Farmer Spotlight: Shaw Farm Dracut, MA

Posted by Amy Levine on Jan 11, 2013 5:38:47 AM

Shaw Farm dairy truck

Visit 12/21/12

We try to make an effort to visit our local growers and vendors at least once a year, and a few weeks ago we took a trip out to our new organic milk supplier, Shaw Farm of Dracut, Massachusetts! Located just an hour north of our Charlestown office, this family-owned dairy farm is about as local as it gets for Boston. After tasting some of their legendary eggnog and other products, we’re tempted to make our visits more frequent.

Shaw Farm operates their own farm store with fresh milk, ice cream, and even baked goods. The farm store is heated by geothermal energy – a renewable energy created by the heat found below the earth’s surface. It not only helps with their energy bill, but it also reduces greenhouse gas emissions on the farm.

1. Story and history of Shaw Farm

Since 1908 Shaw Farm has been providing high quality local dairy products to the Merrimack Valley. Located in Dracut, MA, the farm offers fresh milk, ice cream, and many other local products. Their tagline – “if they say it’s homemade, ask to see their cows” – reminds us of the true farm-to-table process and begs us to ask the question where does our food come from?

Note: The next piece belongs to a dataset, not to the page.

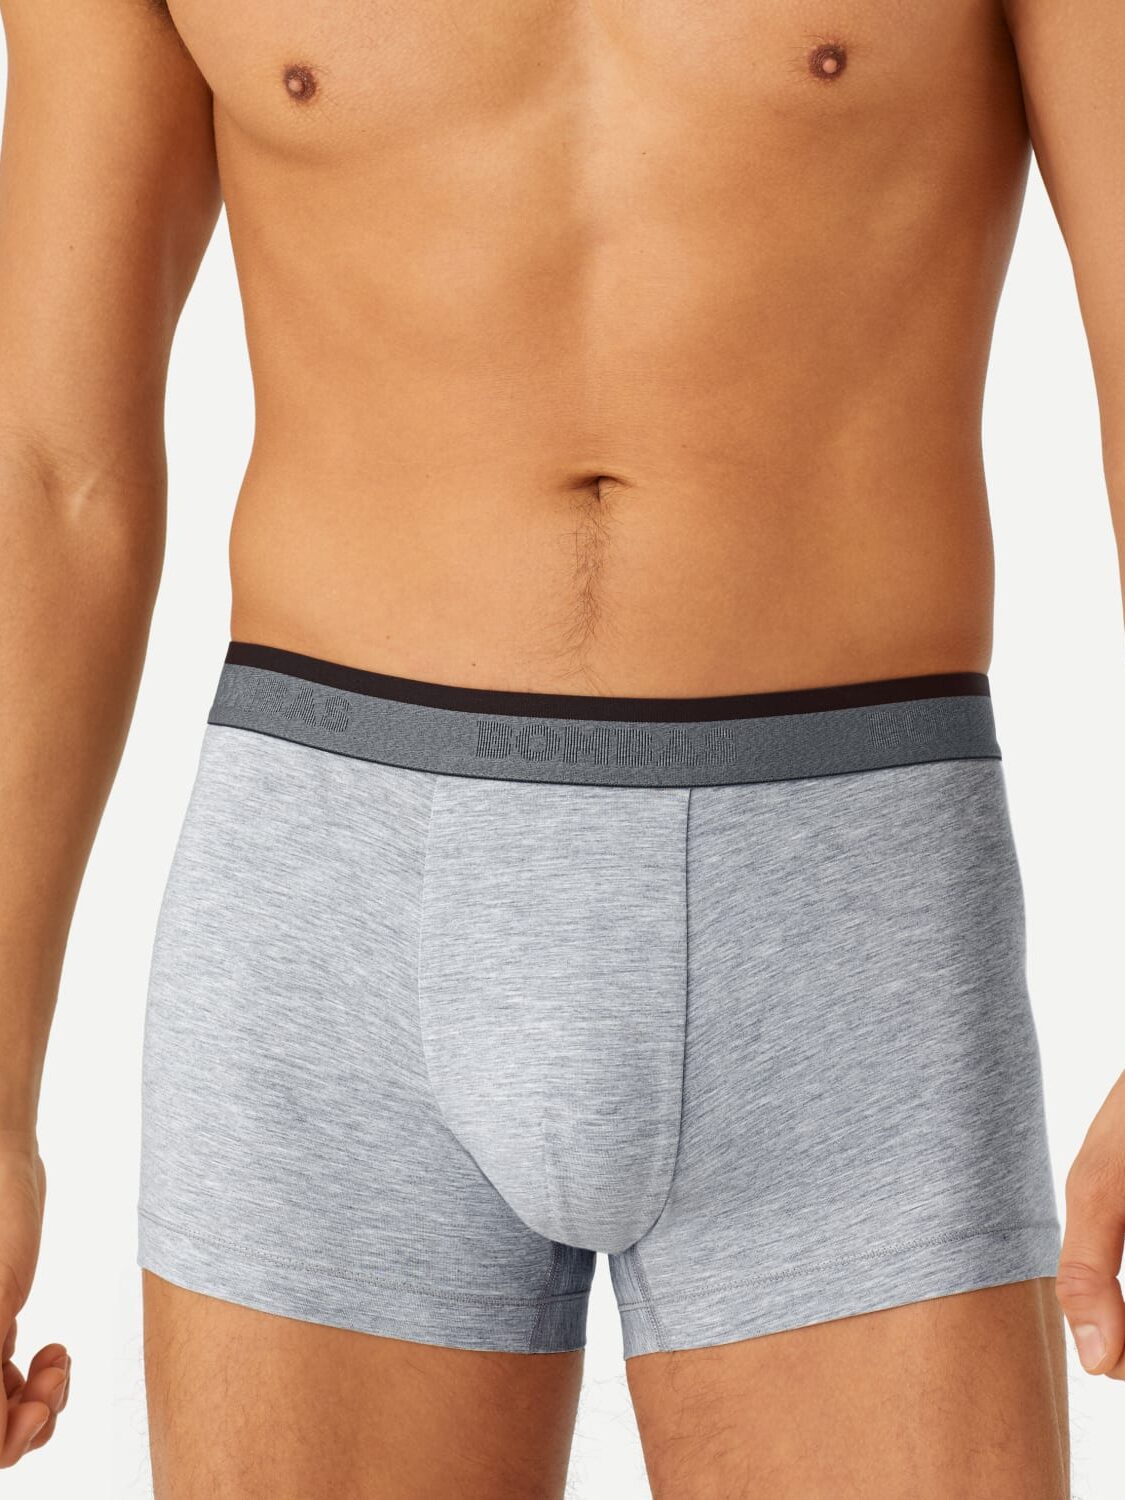 A person wearing gray boxer briefs with a black waistband. Only the lower torso and thighs are visible.
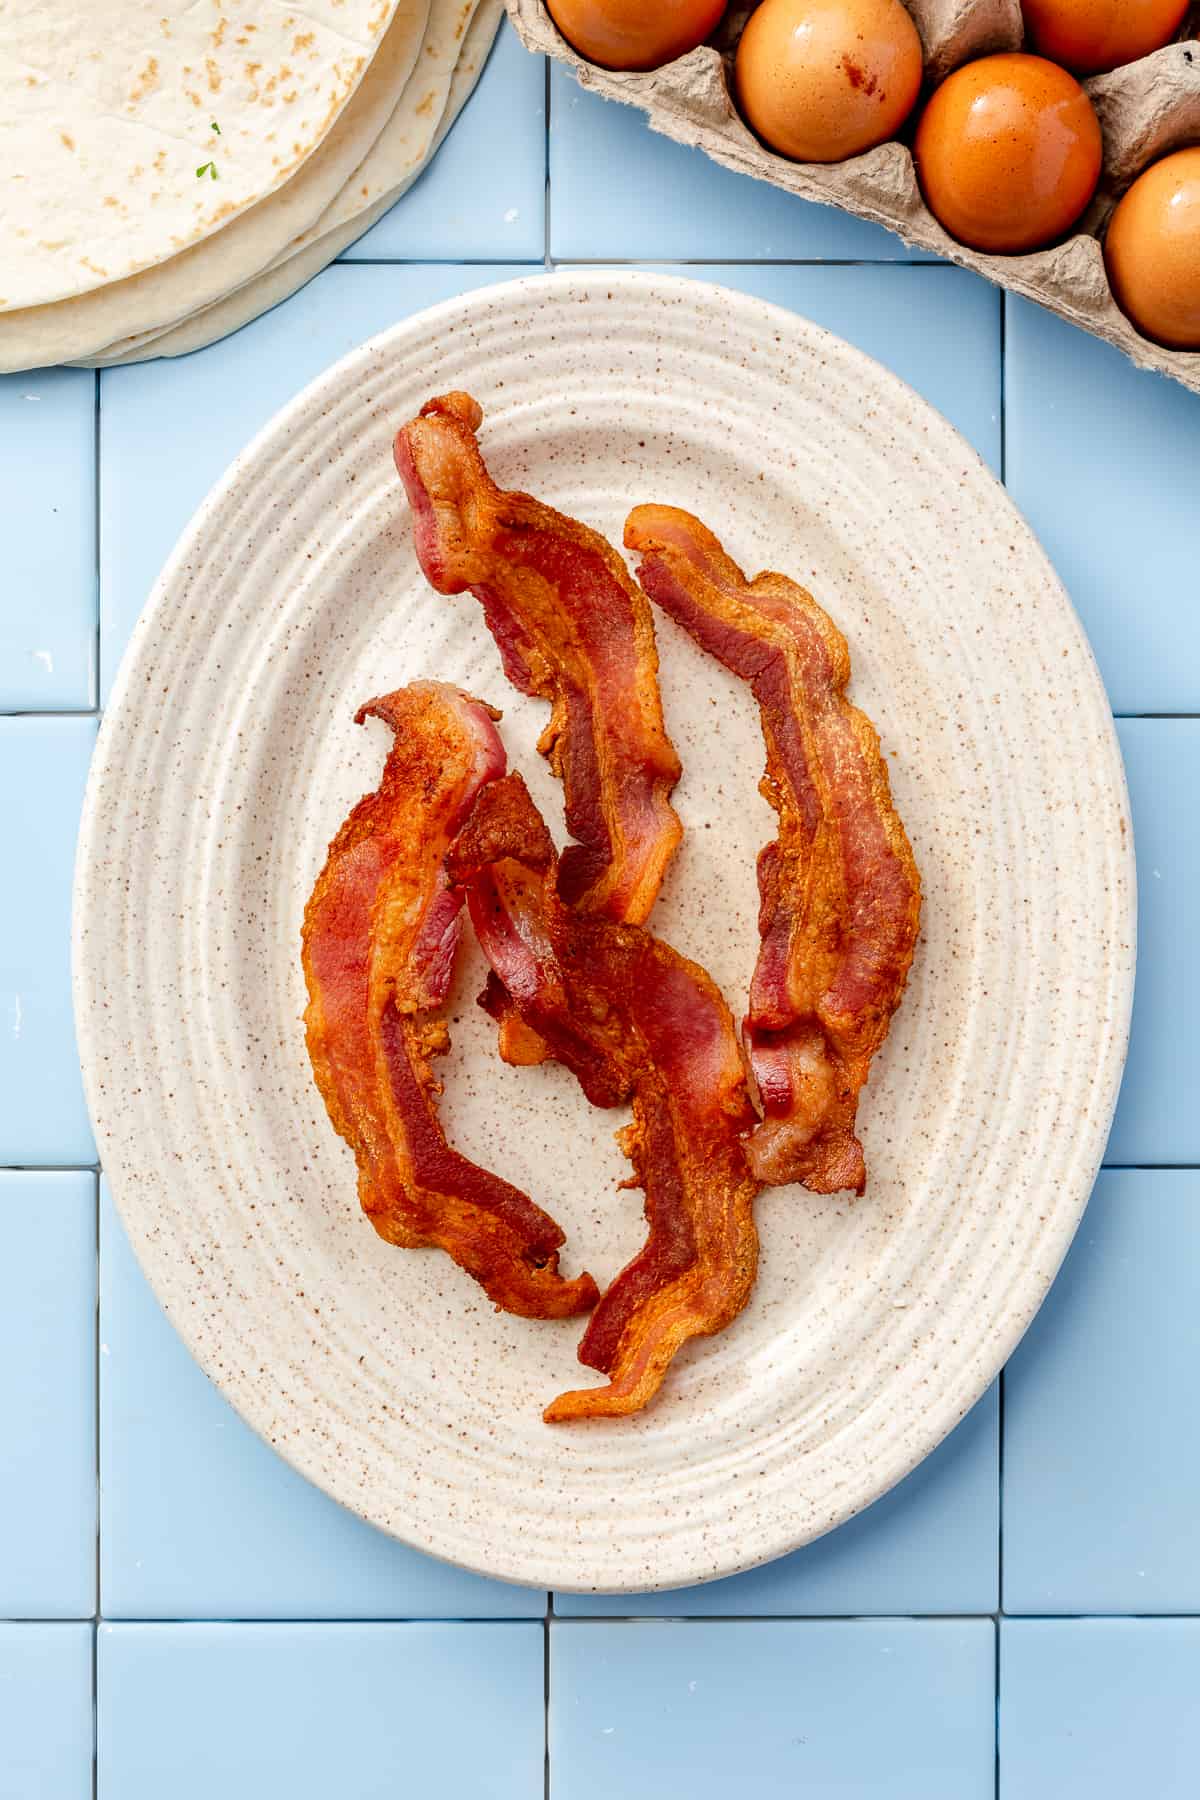 Oval cream plate filled with 4 pieces of crisped bacon on blue tile backdrop.

2. Why did they start the organic brand?

In 2007 Shaw Farm began to market its own “certified organic” milk products under the name New England Organic Creamery. Owner, Warren Shaw says changes in the marketplace driven by consumer demand for local organic milk have made this change important to the future of the farm. He saw that there was a demand for organic milk and realized that the transition to become certified organic was fairly simple since the farm already operated under many of the organic standards. Now they are the only certified organic milk producer in Massachusetts.


Shaw Cow On extremely rainy days the cows stay indoors to prevent slips in the field. These girls are staying dry in the dairy barn!


3. How are the cows fed?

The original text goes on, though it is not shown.